• TASK DIRECTIONS: Transcribe the listing in full, word for word; pictures do not belong in the copy.

• DATASET CONTENT:
=====
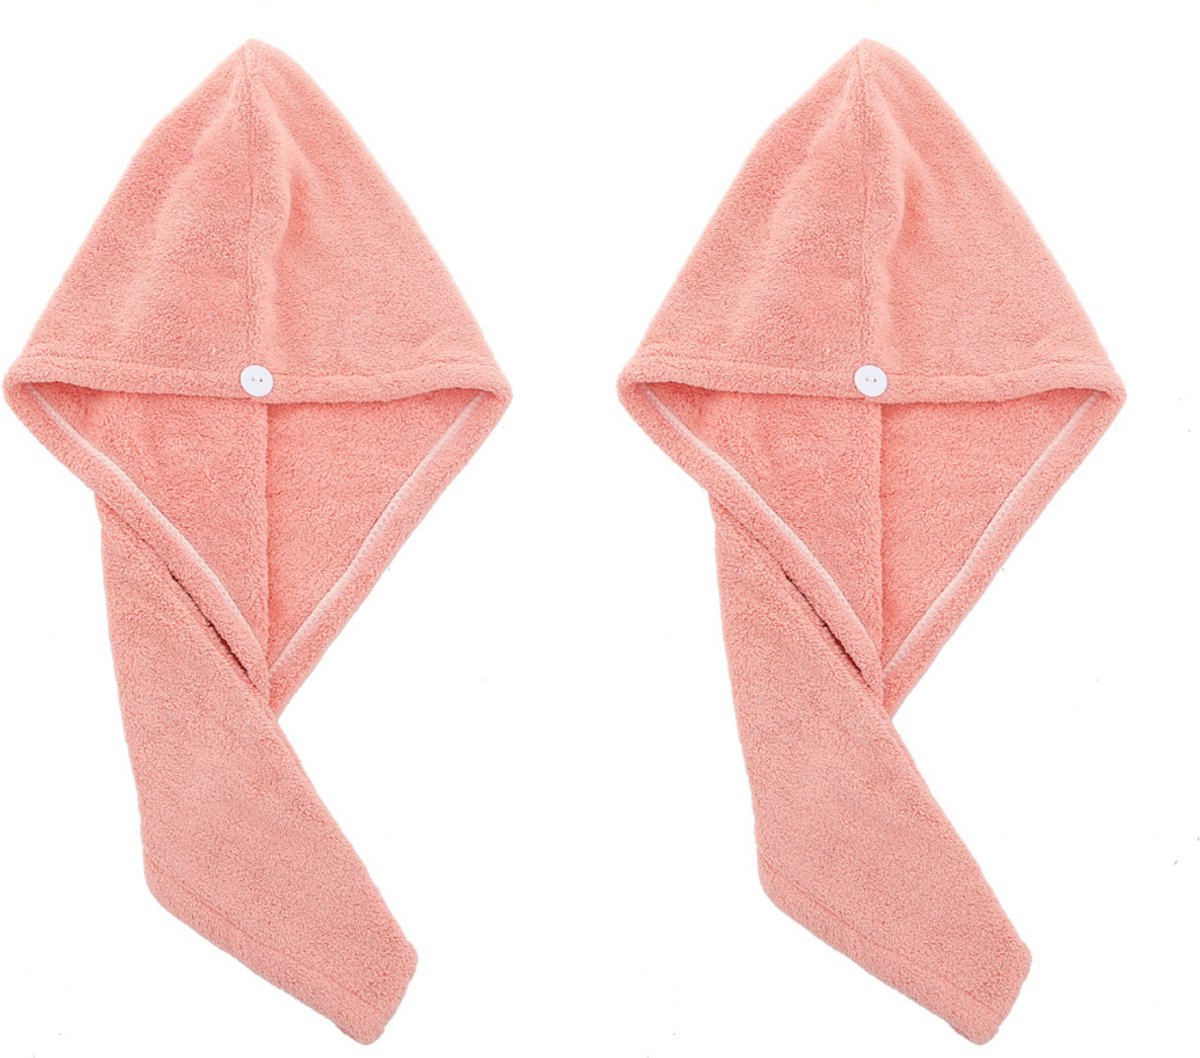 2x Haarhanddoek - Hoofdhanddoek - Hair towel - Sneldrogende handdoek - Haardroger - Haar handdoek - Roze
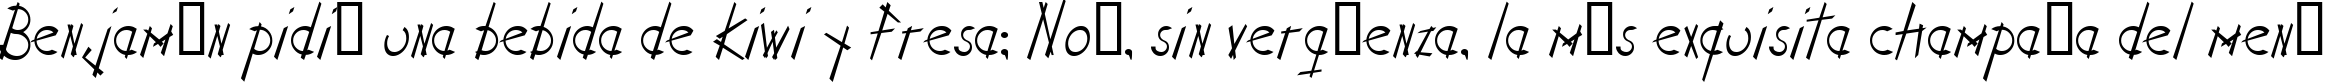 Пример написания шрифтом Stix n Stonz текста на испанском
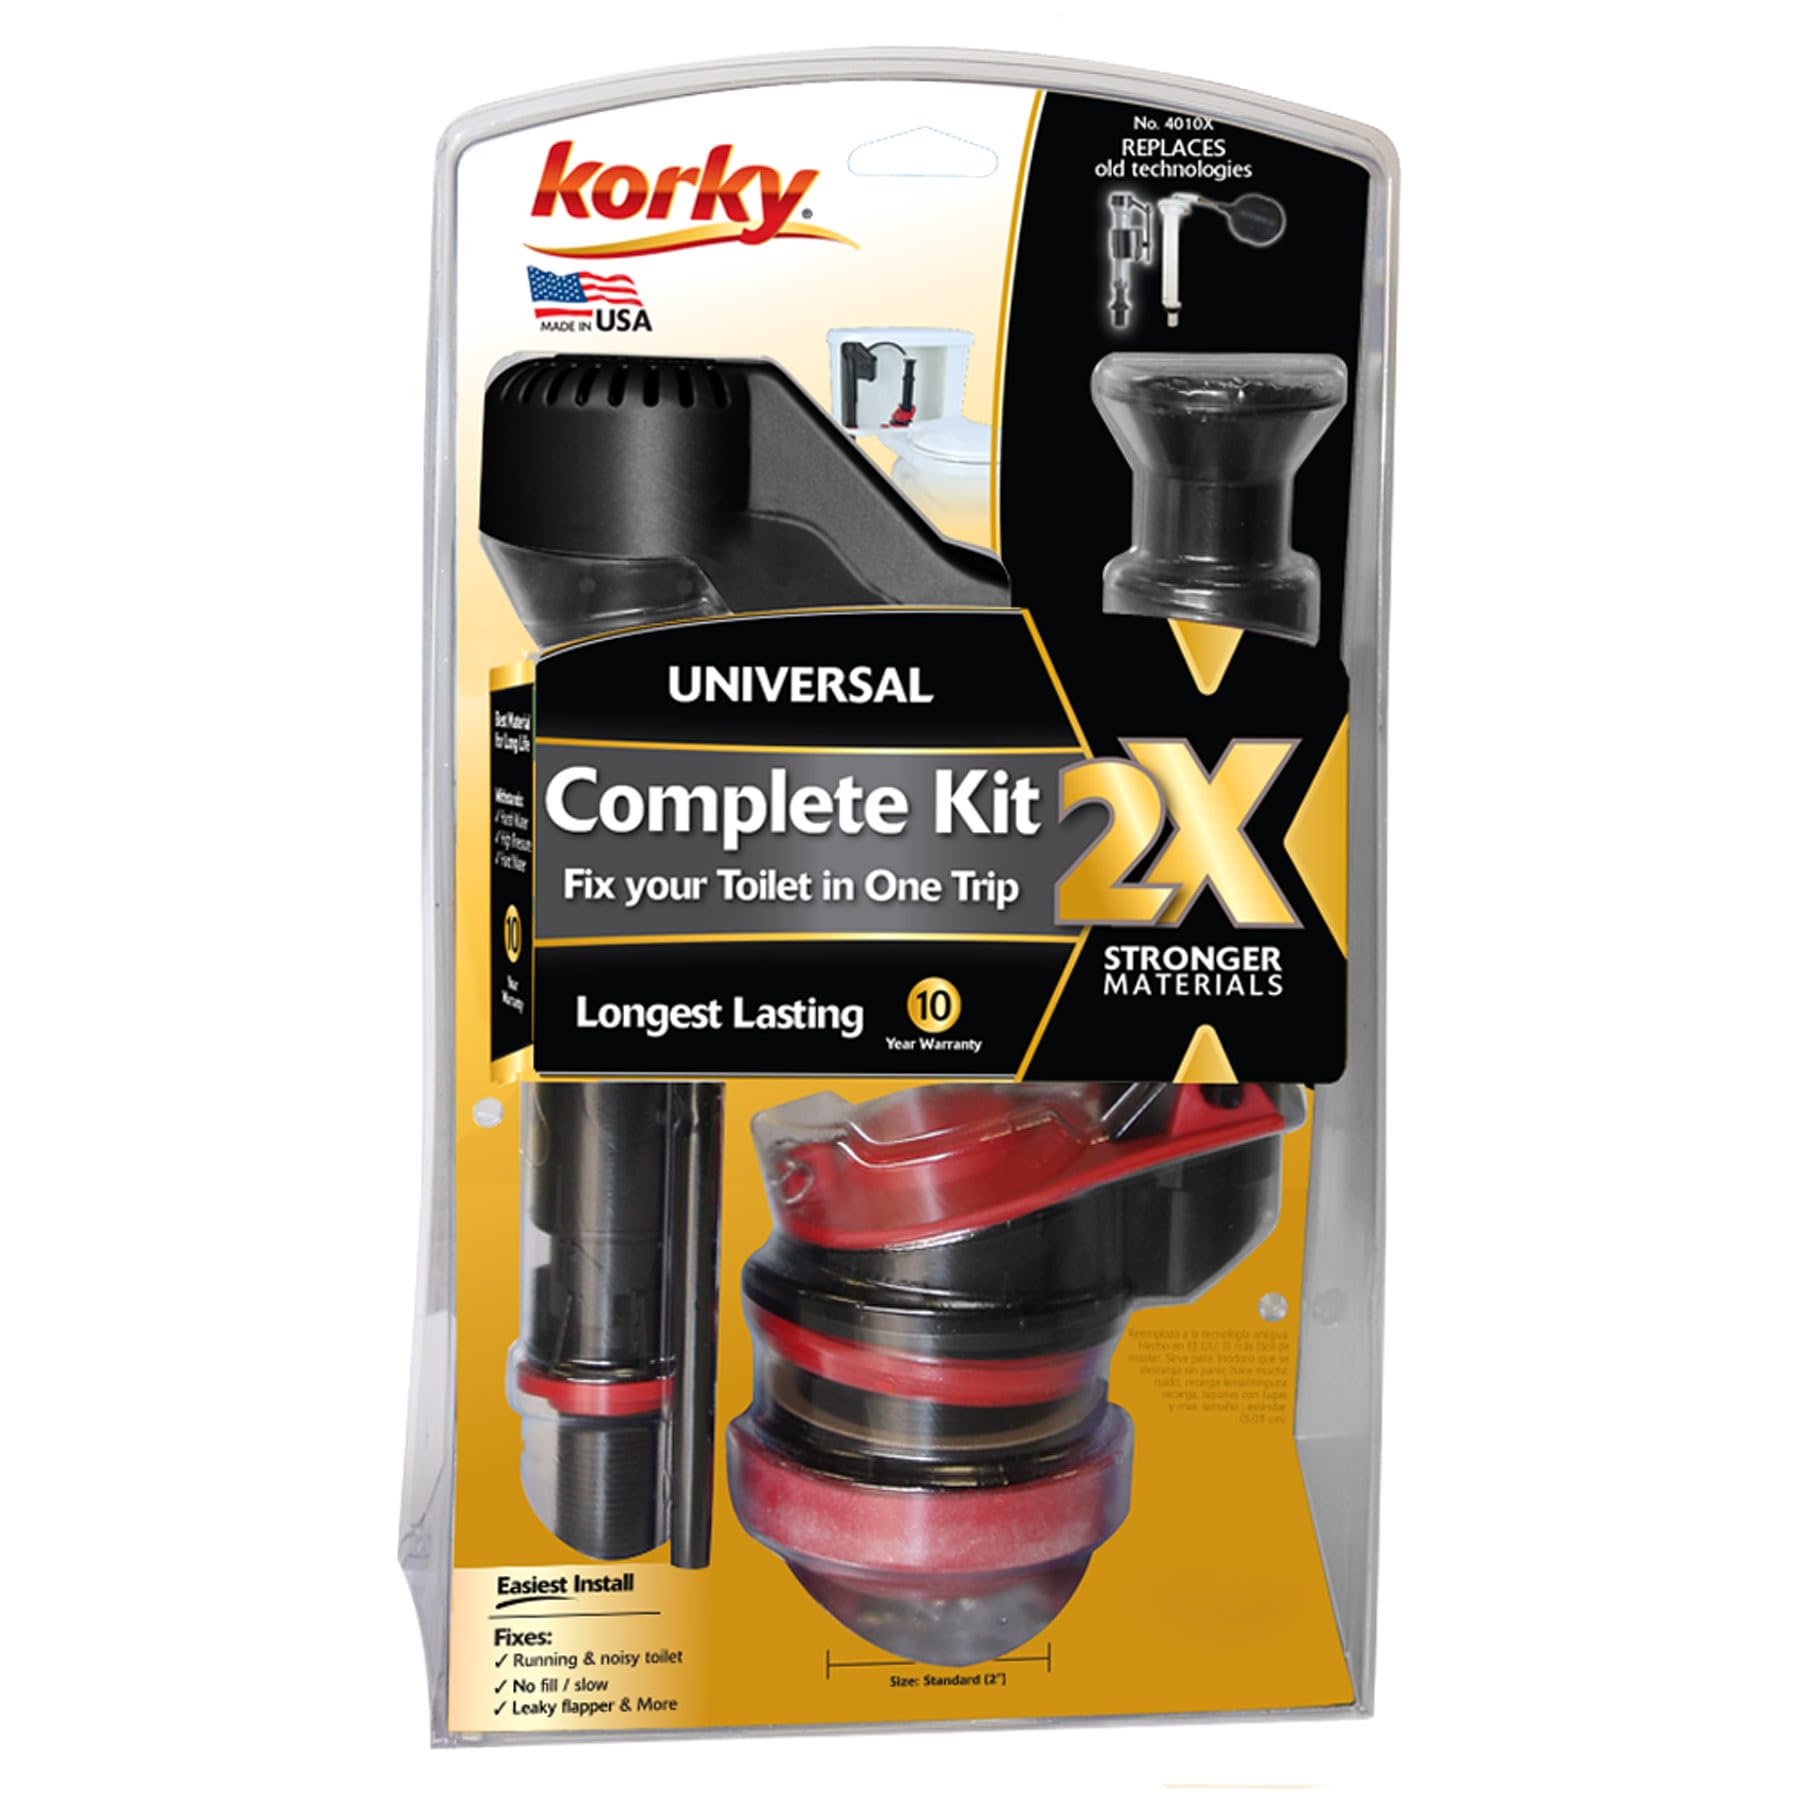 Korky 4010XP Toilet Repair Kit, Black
=====
• REPLY TO THE TASK:
 2x Haarhanddoek - Hoofdhanddoek - Hair towel - Sneldrogende handdoek - Haardroger - Haar handdoek - Roze
 Пример написания шрифтом Stix n Stonz текста на испанском
 Korky 4010XP Toilet Repair Kit, Black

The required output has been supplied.